Your reappearance has changed me. My feelings are confusing and more negative than ever. You robbed me of my happy-go-lucky attitude, and of my optimistic outlook on life. Textbook depression. You stole my ability to plan for the months and years ahead without being distracted by that familiar whisper. I can no longer make any long-term plans without a lingering feeling of naïveté. People ask, “What is your five-year plan?” My response? “To survive.”

You stole valuable time away from my family and friends. You stole sunrises and early morning coffee. You stole my familiar reflection. You stole the version of myself that dated and married my husband, ran around with my kids, and took care of my home. You stole my four-year old son’s carefree attitude and replaced it with worry. Now when I leave the house, he asks, “Mommy, are you going back to the hospital?” I hate you for that.

While I should have nothing but vitriol to spew at you; I’m conflicted.
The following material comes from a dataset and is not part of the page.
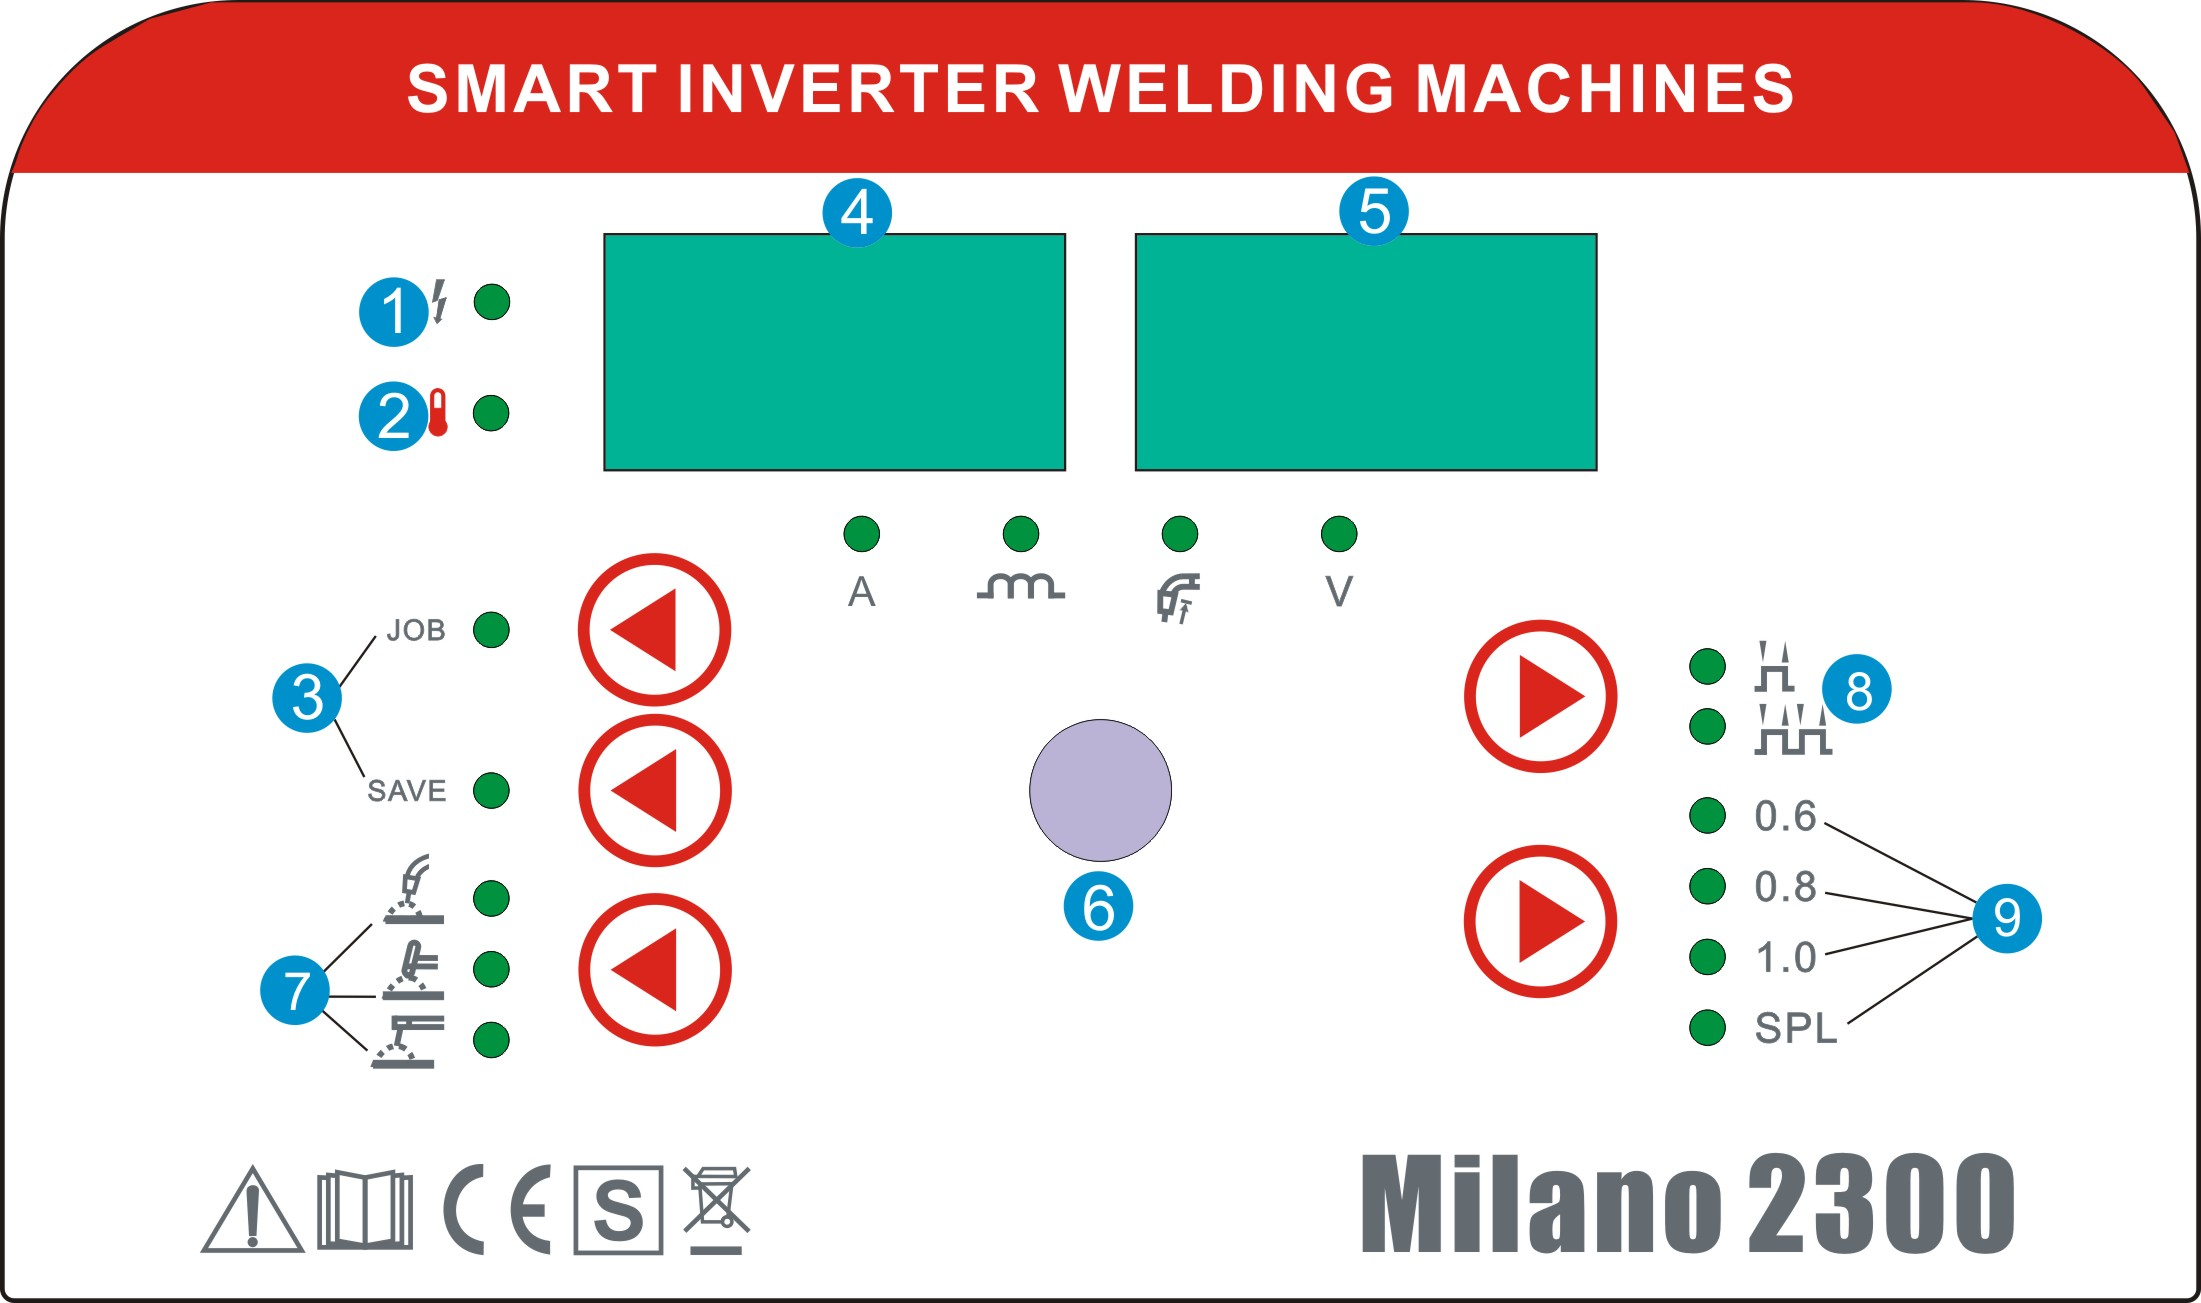 Ovládací panel SIWM Milano 2300 MIG

You’ve replaced those stolen things with necessities I didn’t realize I was missing. You’ve given me love like I’ve never known before: I’ve loved and have been loved, but the love I’ve received since we met has been something I can’t adequately describe. You’ve rewritten the definitions of commitment and devotion, and rewired my brain to truly feel gratitude. You’ve helped me boldly create new relationships, and bravely release ones that no longer serve me. You’ve given me the courage to ask for help, and the humility to accept it when it’s offered. Because of you, I realize that my body is strong, valuable, and resilient, and I value all it has done to keep me alive. You’ve given me the motivation to take care of my incredible body and treat it with the respect it so deserves. You tried to weaken me and steal my strength, but I’m even stronger now. Thank you for that.

Whenever I’m bothered by your whispered threat, I will read this letter. I will read it, reread it, and read it again and again until the whisper is silenced. I pray that my words sear and sting. I hope my words paint a picture of the badass I’ve become—both because of, and in spite of you. I hope wherever you are that these words are a reminder that you did not, and will not, win. So, go ahead and whisper.